One would ask (with a most humble demeanor) that the SPLM recognize its failure to integrate, whether in attitude of the upper hierarchy or through the lower echelon of power and responsibility. [For more on SPLM reform, see “What is Hot in South Sudan Today? Comprehensive Situation Analysis and Recommendations,” by Malith Alier, January 28, 2014, PaanLuel Wel blog]

One can argue who has fought hardest. Which tribe sacrificed more lives. But now the ideals held in the new nation begs for relief from tribalistic-winner-take-all myopia.

How marginalized were the Nuer?

How many complaints regarding atrocities were voiced?

How can conflicts for competitive interests be resolved? What multi-ethnic agencies/organs will see South Sudan through this horrendous hour of darkness?

In traditional tribal scenarios, rules and laws were broken but were remedied within the tribe. Rules were respected and enforced.

Now, new scenarios, new opportunities and new choices confound South Sudanese.

Transition to the “new cultural world” creates tremendous obstacles. Many obstacles create frustration that cause many to return to the bush. Others are undaunted by obstacles to advancement.

Can we encourage a new course?

Will a new government protect a new society?

Or will we see a redundant blind pursuit of oil revenue.

In reality we are forced to look for the light at the end of the tunnel; not backward toward at the abyss of mistakes.

How can we make self-governance work?

How can we make this thing called South Sudan work?

Is South Sudan going to take a path defined by self-righteous thugs who see no doors of opportunity, but sadistic satisfaction of rule by the gun? By those bound and constrained by illiteracy?

How long would this contamination last?

Will cowardace and inexcusable human rights abuses persist due to an insensitive, undisciplined police force? And by a militia bathed in hate from undeserved suffering?

What would be in the blueprint?

So that children, whether farm or in the city, whether Nuer or Dinka, Shilluk or Merle, Latuka or Zande will live without fear.

What would be in the road map? What are the issues that keep South Sudanese from cooperating? What are the issues that refuse goals of Dinka and Nuer? What issues differ? What issues are similar? Security? Freedom from ethnic violence? A fair shake in the economic fabric of a new nation? What are the goals that Dinka and Nuer Share?
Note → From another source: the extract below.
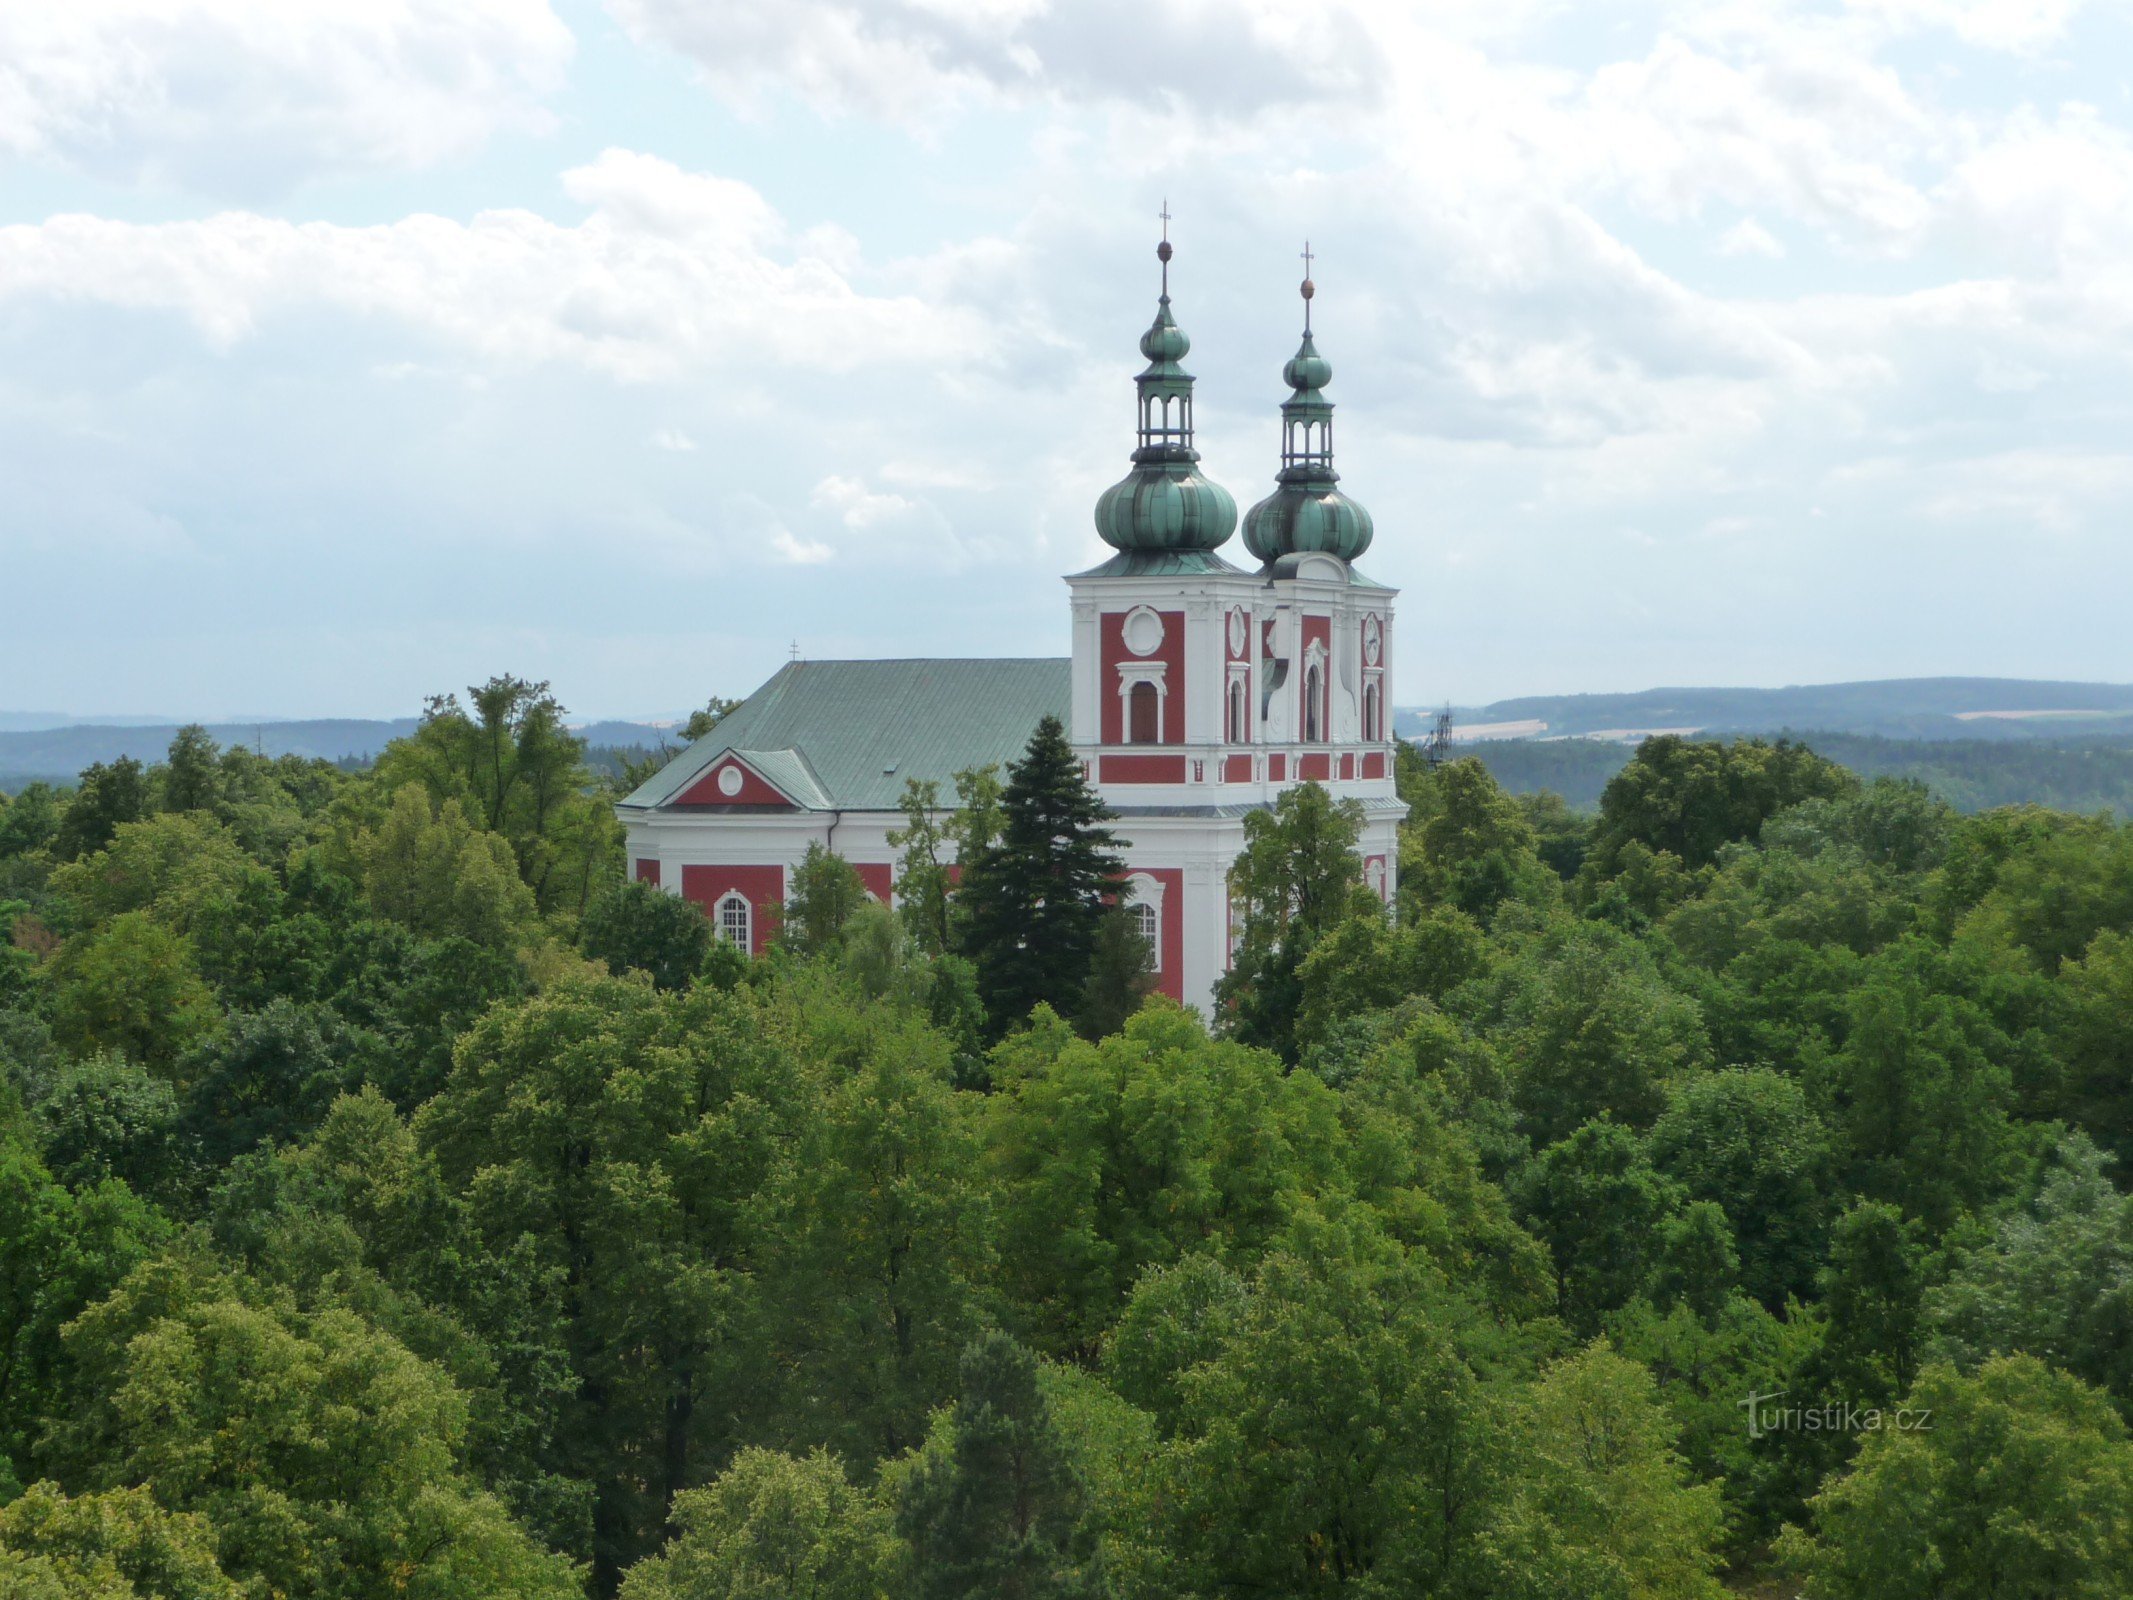 Cvilín - nhà thờ hành hương PMSedmibolestné, nhà nguyện đế chế ở vùng lân cận - trung tâm tâm linh của Silesia

Both Nuer and Dinka have been violated.

For now, can you, Nuer and Dinka, develop sufficient courage and muster enough trust to protect what is left of the communities of innocent – the children – and offer South Sudan relief from hate, malice and rule by the gun? Can militia relieve itself of the hate that is in your hearts? Can the South Sudan military place their hate elsewhere and offer civilians the right to life?

The release of arrested ministers.

Is their retention going to perpetuate a lie. Is this going to be the issue that contaminates all hope for all South Sudanese – ten thousand dead, 500,000 refugees in desperation, waiting for relief from peace signatories? [seven have been released as of January 29, 2014 (Sudan Tribune)]
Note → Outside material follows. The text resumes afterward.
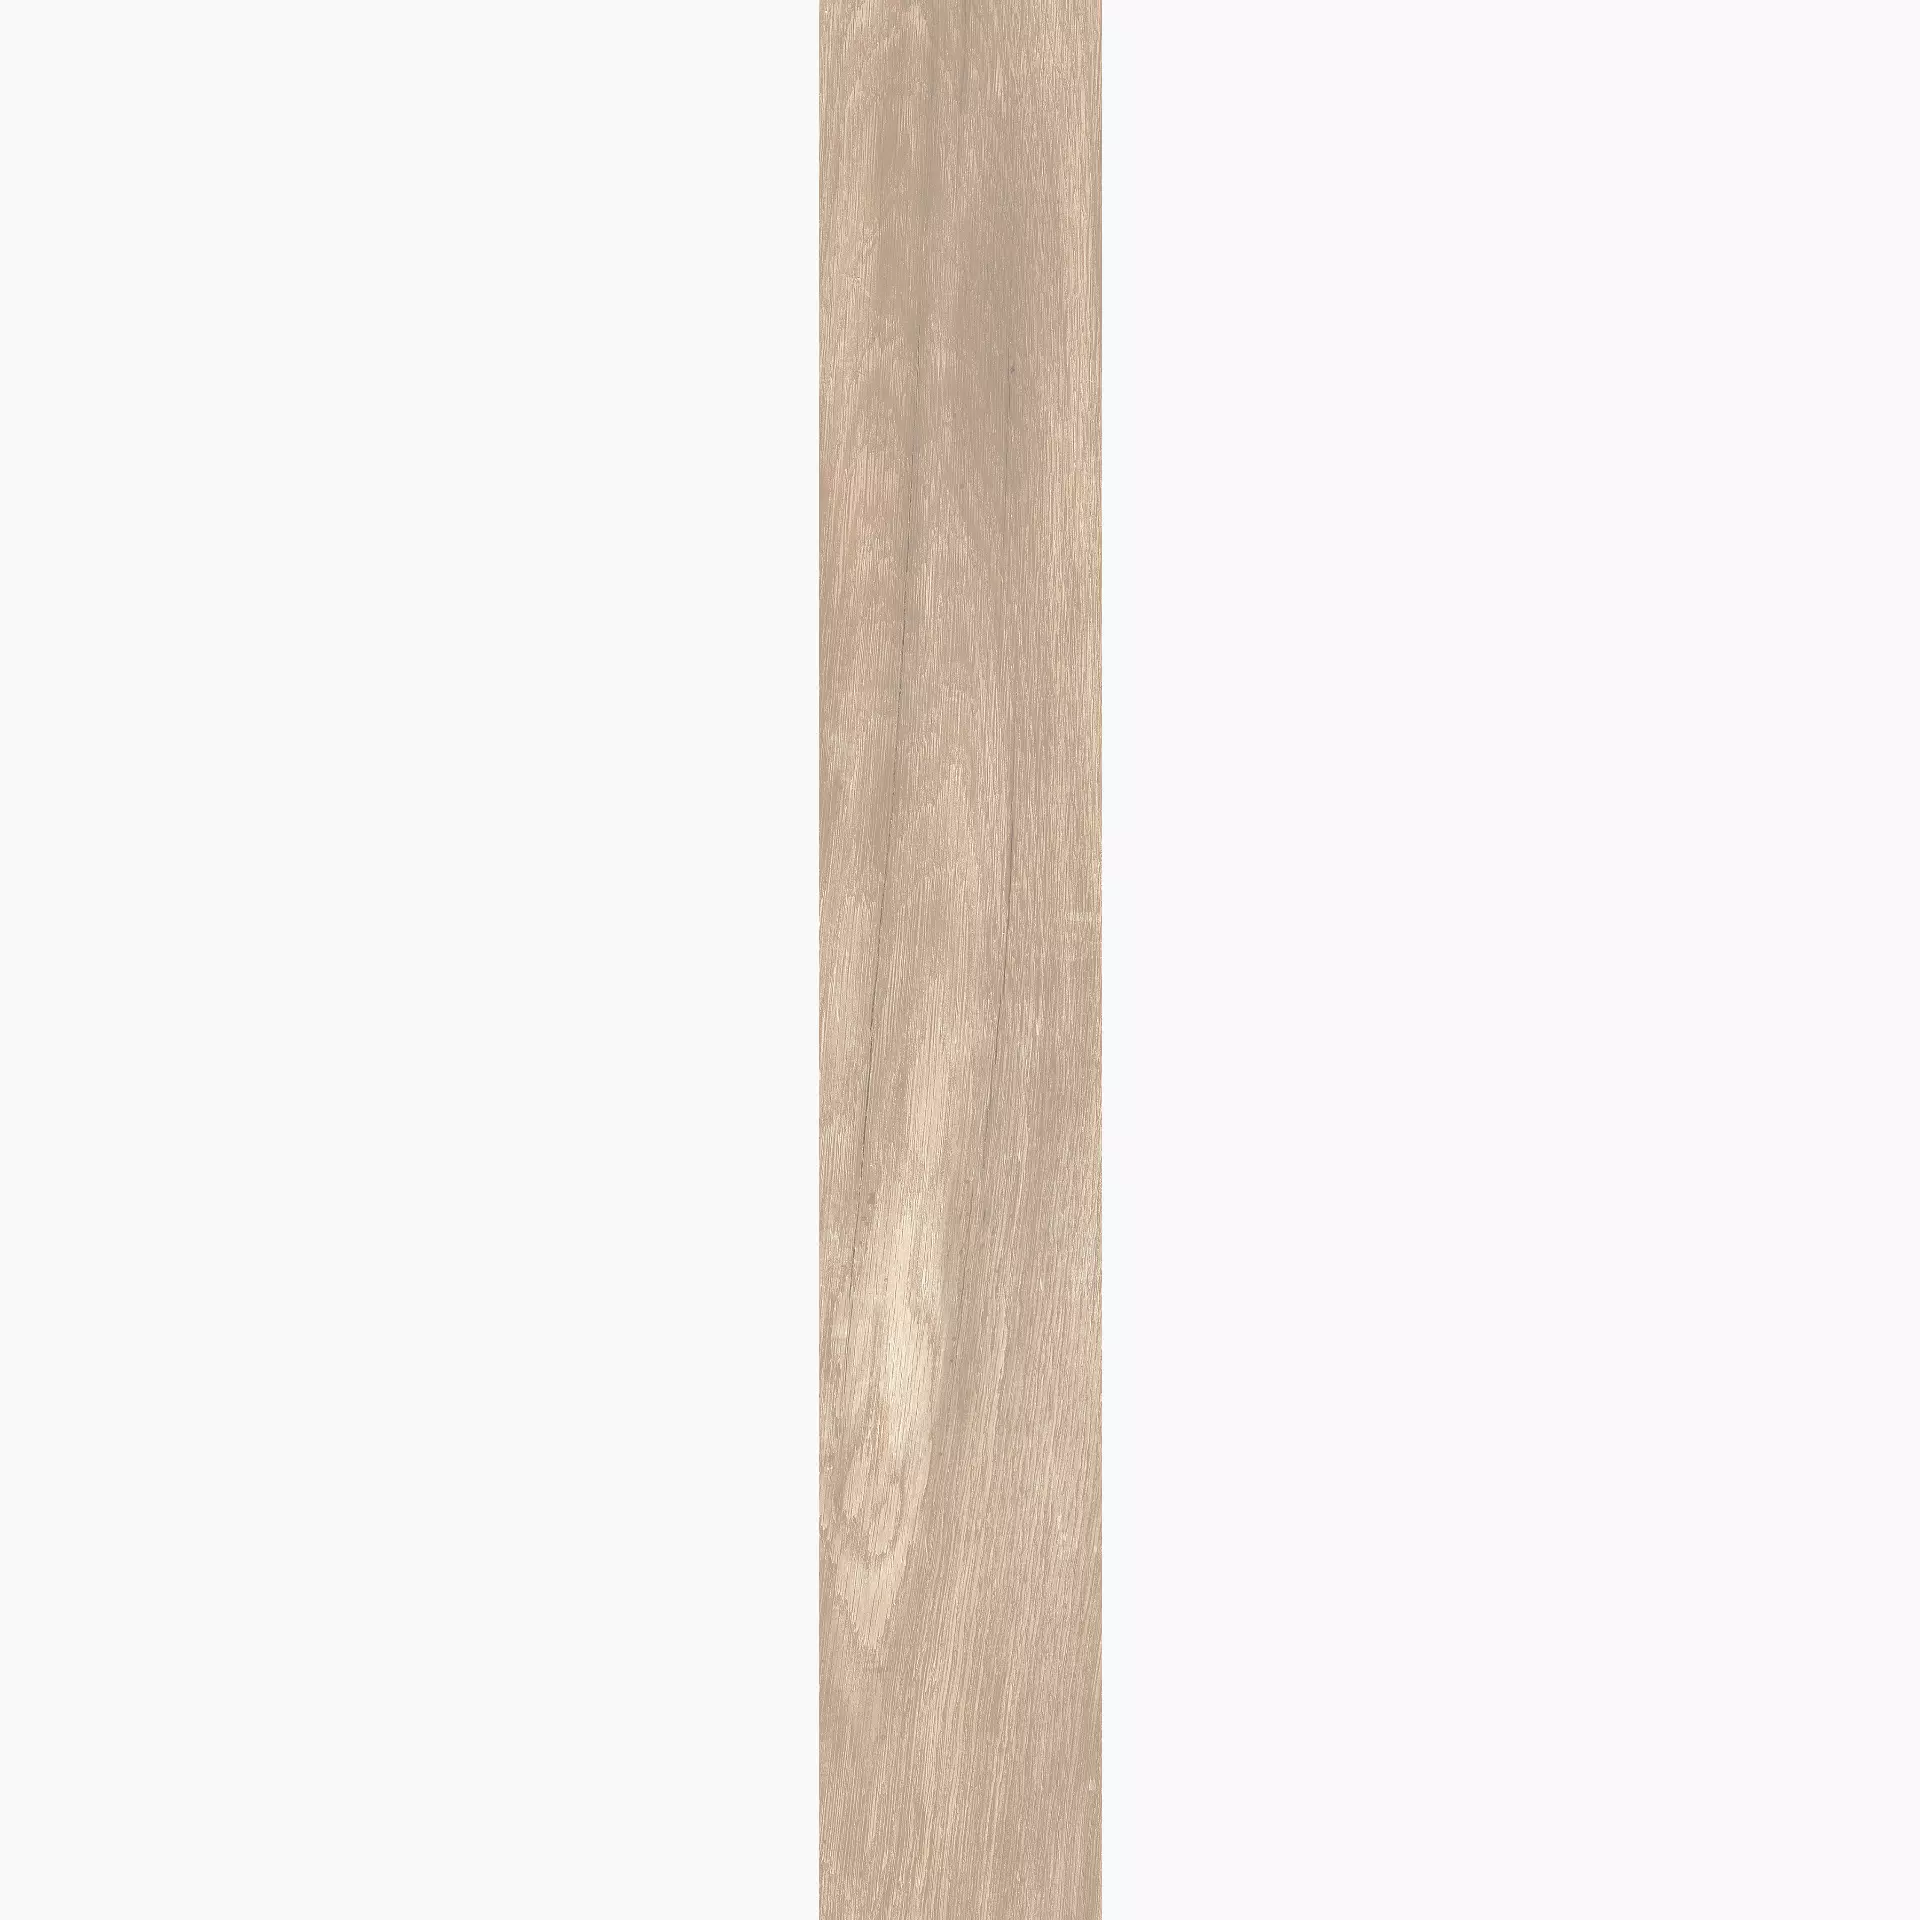 KRONOS Woodside Oak Grip Oak 8054 grip 26,5x180cm rektifiziert 20mm

Rebecca Nyandeng Garang, Presidential adviser on Human Rights and Gender and widow of the late SPLM leader, Dr. John Garang, has urged South Sudan President Salva Kiir to release the detained former ministers. (New Vision, January 29, 2014). Her insights are invaluable.

Addendum: If you have a moment, you might want to look at “Youth group aids conflict-stricken people in South Sudan,” RadioTamazuj, January 24, 2014. It offers a moment of reprieve from malicious deaths and suffering.